Eurico, o Presbítero - Cap. 17: Capítulo 17 Pág. 156 / 186

Entre os cavaleiros a quem Pelágio dirigira aquelas palavras houve alguns instantes de hesitação, e um murmúrio de descontentamento; mas, por fim, Sanción, pegando em um dos fachos, encaminhou- se para a escada subterrânea, e os outros seguiram-no. Os quase selvagens filhos do Munda, vestidos de peles de alimárias, e os cântabros, cujas feições e trajes também revelavam a sua origem céltica, não tardaram a entrar na caverna. Pelágio então lhes ordenou obedecessem aos guerreiros que os haviam precedido, e em breve o som das passadas daquele tropel desordenado, alongando-se pelo abismo, morreu em silêncio total.

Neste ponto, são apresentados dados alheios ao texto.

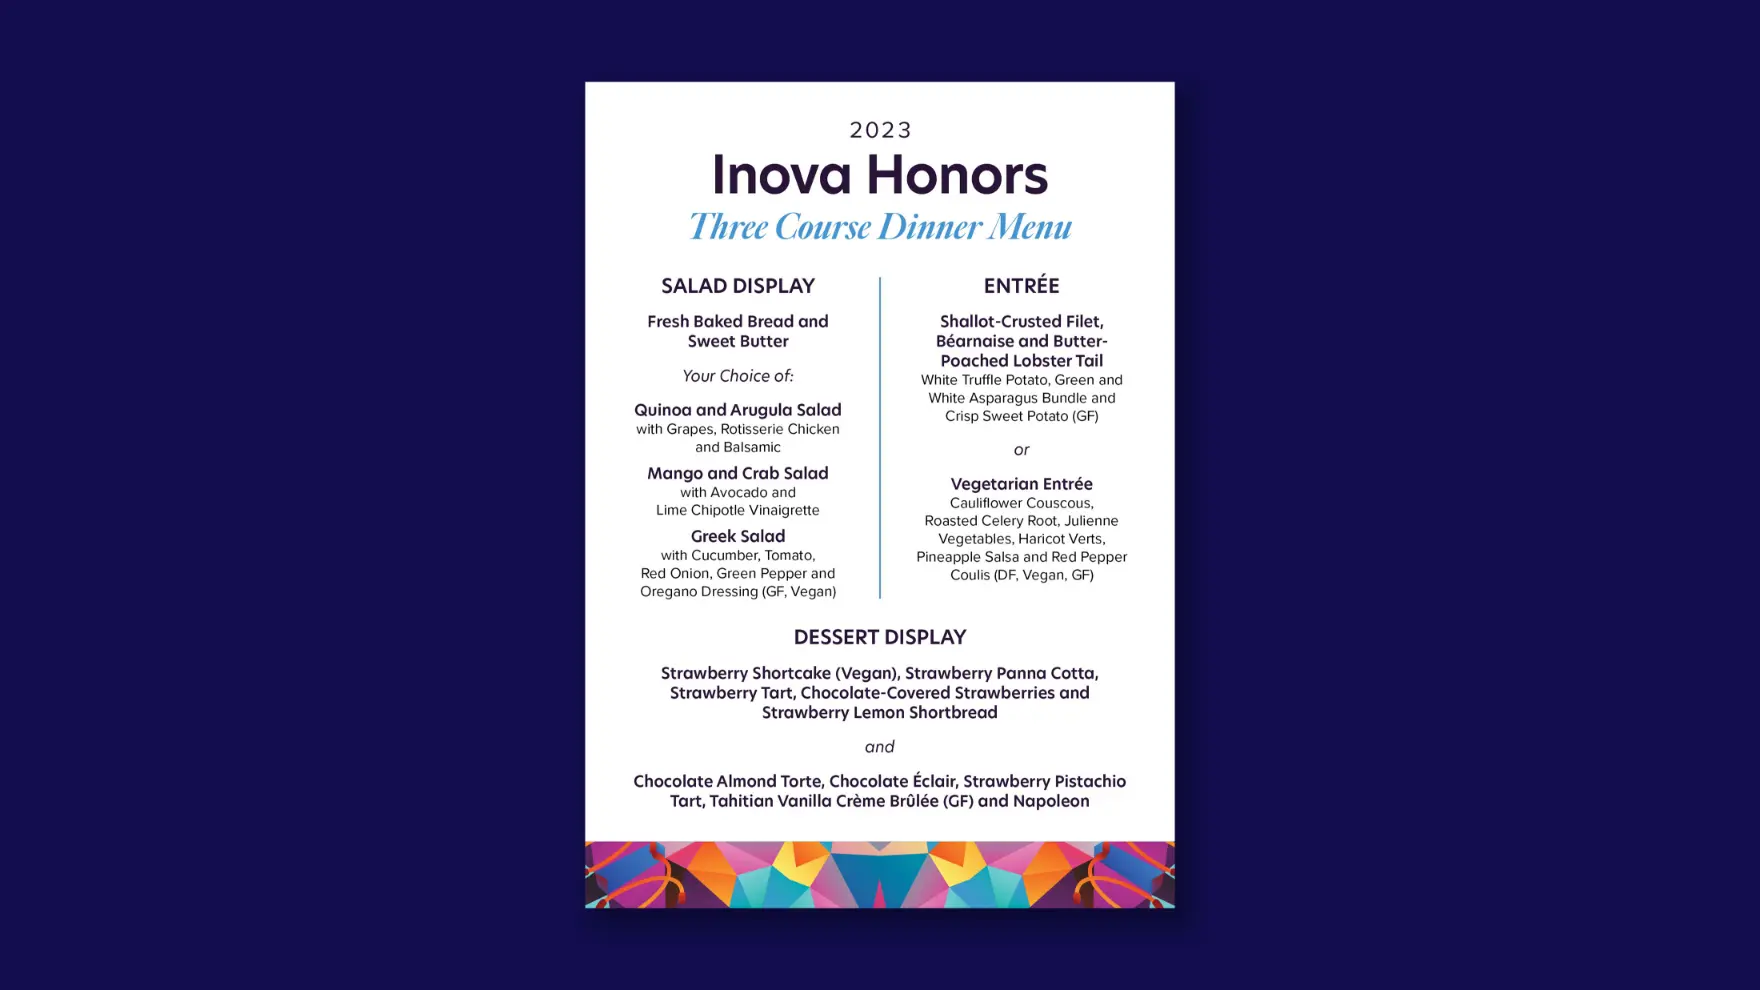 Menu card for the Inova Honors Gala.
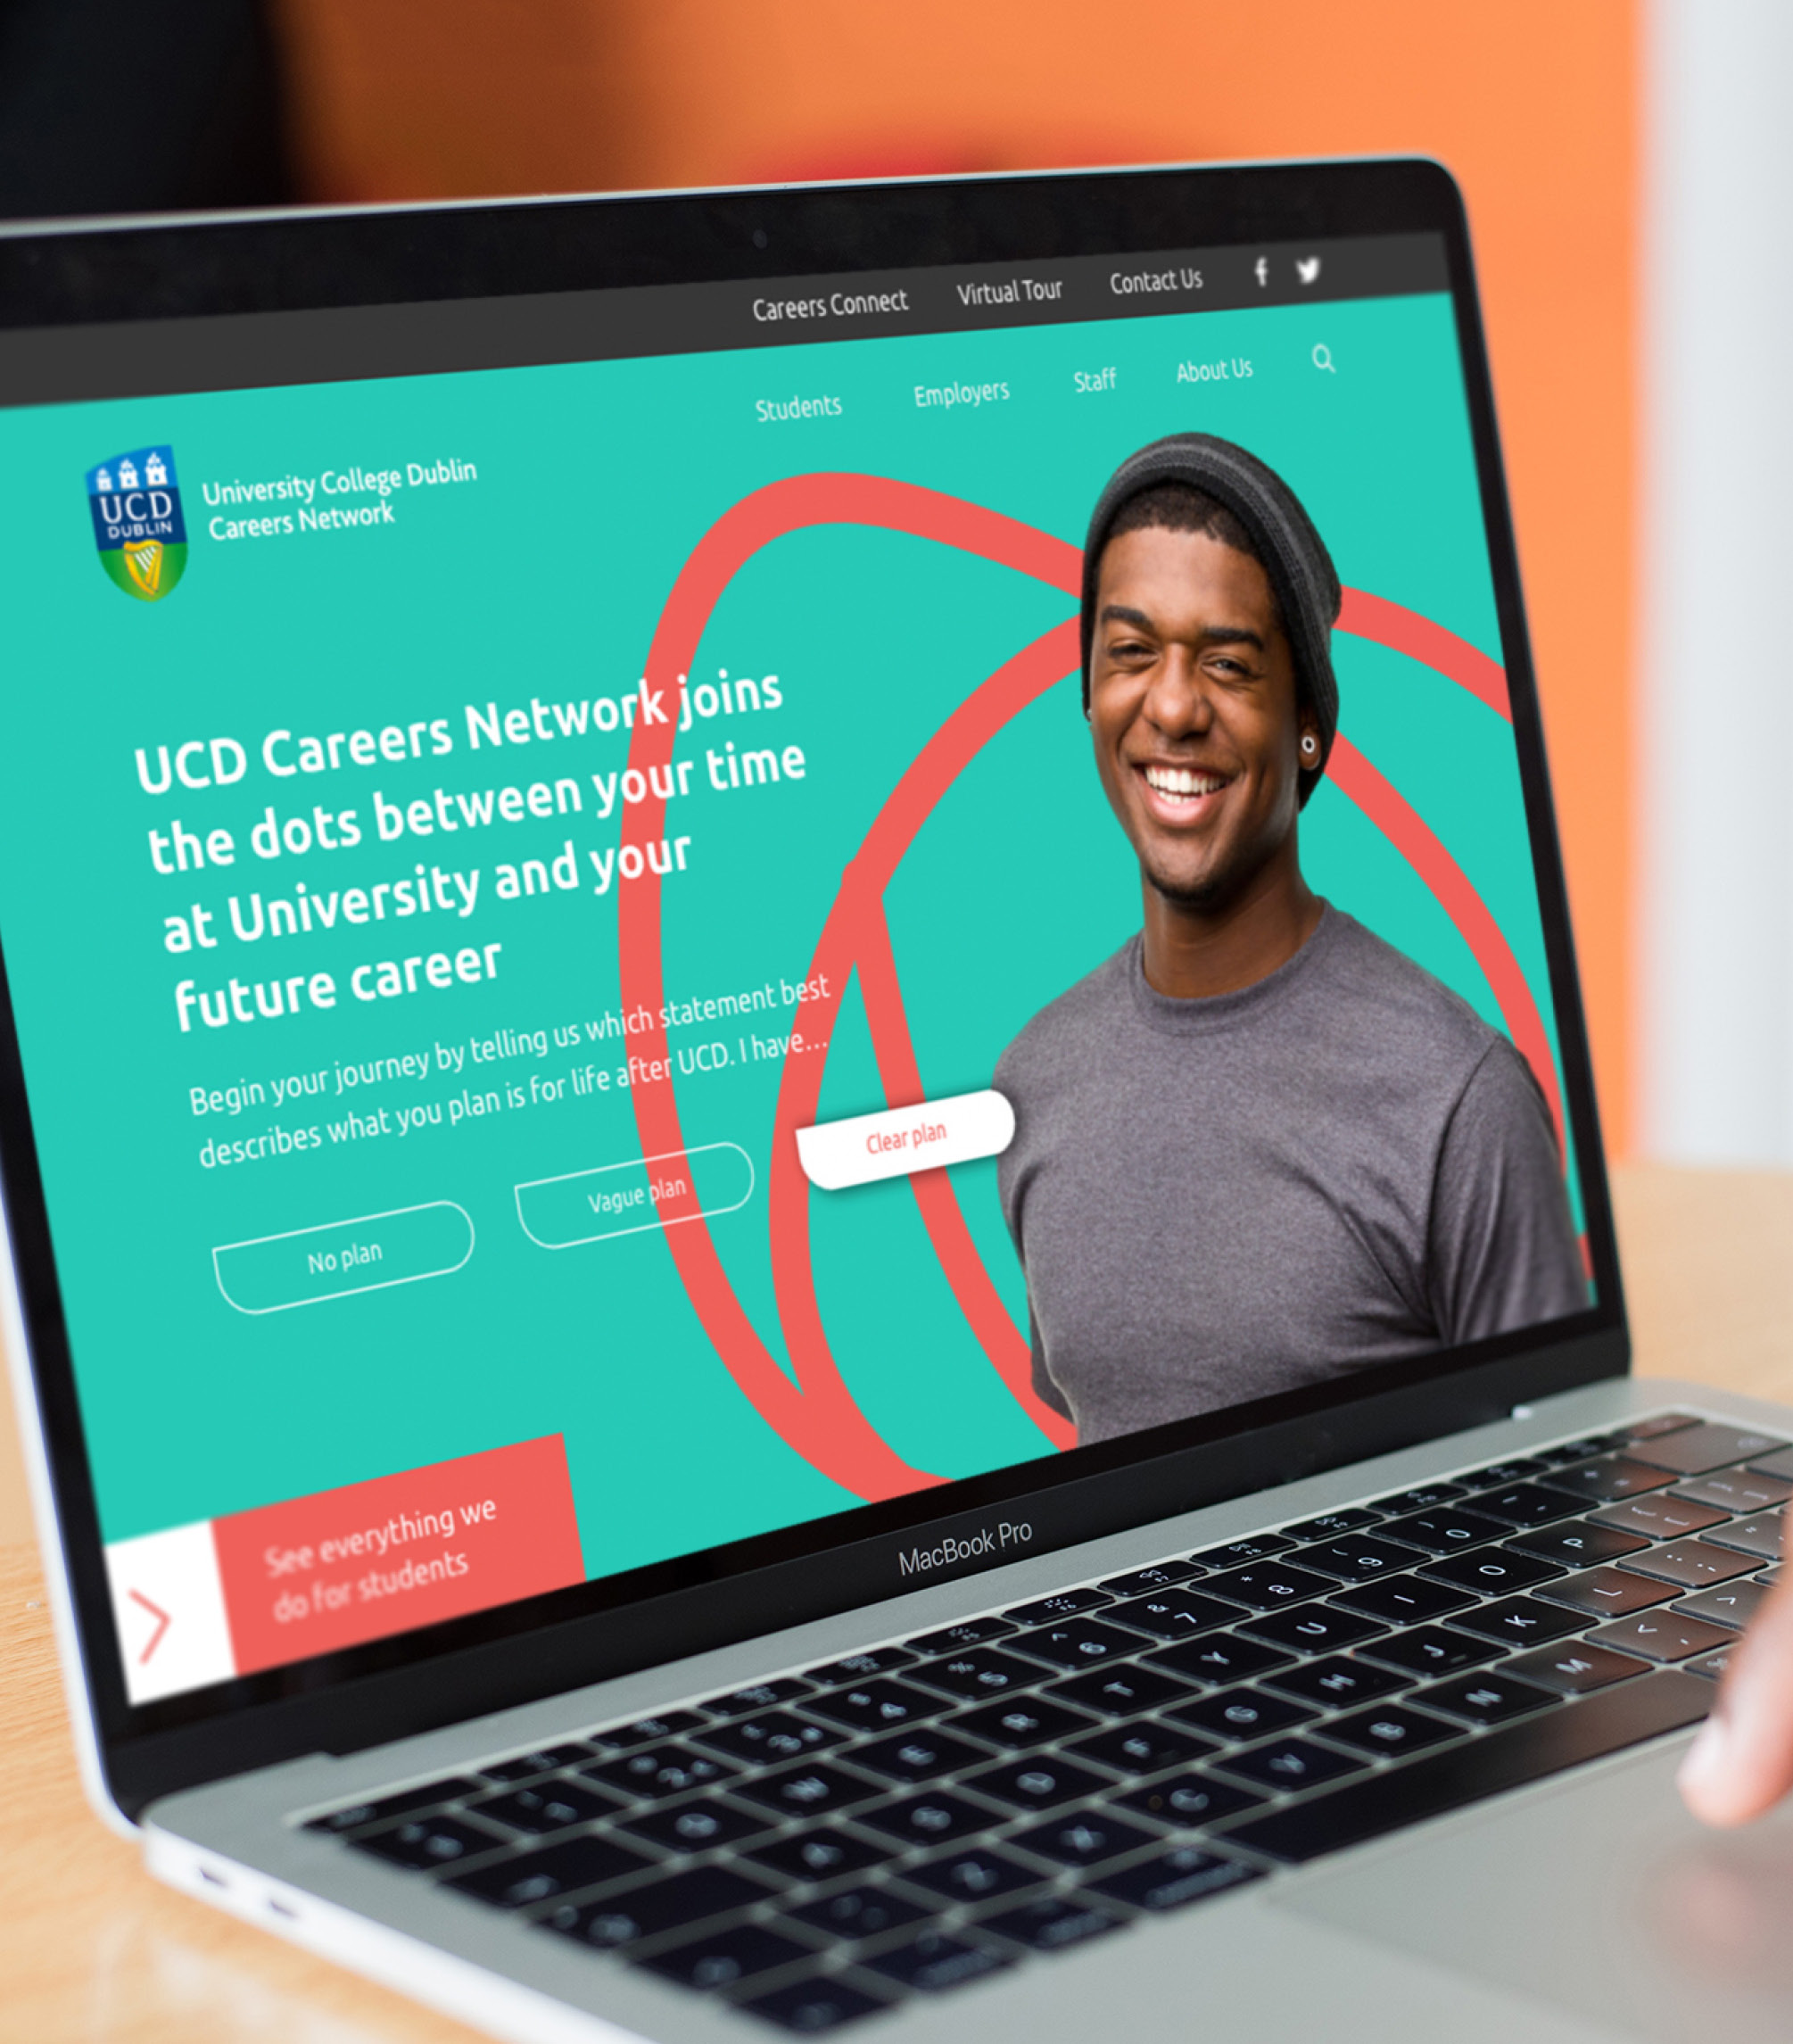 University College Dublin Careers Network website

Eurico parecia indiferente ao que se passava ao pé dele, assentado no escabelo e com os olhos cravados no cepo candente que se consumia no afumado lar. Pelágio voltou-se para ele, e disse-lhe:

— Vós, Eurico, ficareis aqui: vós que salvastes minha irmã, sereis o seu guardador. Quem melhor vigiaria por Hermengarda do que esse homem que nela tem um testemunho perene do mais indizível esforço, da mais pura e generosa lealdade? Desejaria ver junto de mim no combate o melhor guerreiro de Espanha: ter-vo-lo-ia, até, pedido quando o mistério em que vos envolvíeis nos fazia suspeitar a todos que vós, o cavaleiro negro, éreis um ente privilegiado e não um mortal como nós. Agora, porém, depois que no transe horroroso das margens do Sália nos revelastes quem sois; quando, resolvido a morrer, pedíeis apenas algumas lágrimas para a vossa memória àqueles que vos sobreviviam, pedir-vos-ei eu, também, que não queirais encontrar o primeiro ímpeto dos sarracenos. Se na defensão desta nossa triste morada, aonde cumpre atraí-los, for necessário o auxílio do vencedor dos Vascónios, do mais ilustre dos tiufados de Vitiza, ou se a cólera de Deus ainda não está satisfeita, e devem hoje perecer os últimos homens livres da Espanha, vireis vós morrer connosco. Entretanto, continuai a ser o anjo da guarda da pobre filha de Fávila. Ela parece mais tranquila, e o monge Baquiário, em cuja ciência têm achado alívio tantos de nossos irmãos, recomendou o repouso como o melhor remédio para a febre que a devora. Retardarei quanto puder o instante de se acolherem aqui as mulheres, as crianças e os velhos inúteis para o combate. Fazei, entretanto, que nestes lugares reine profundo silêncio.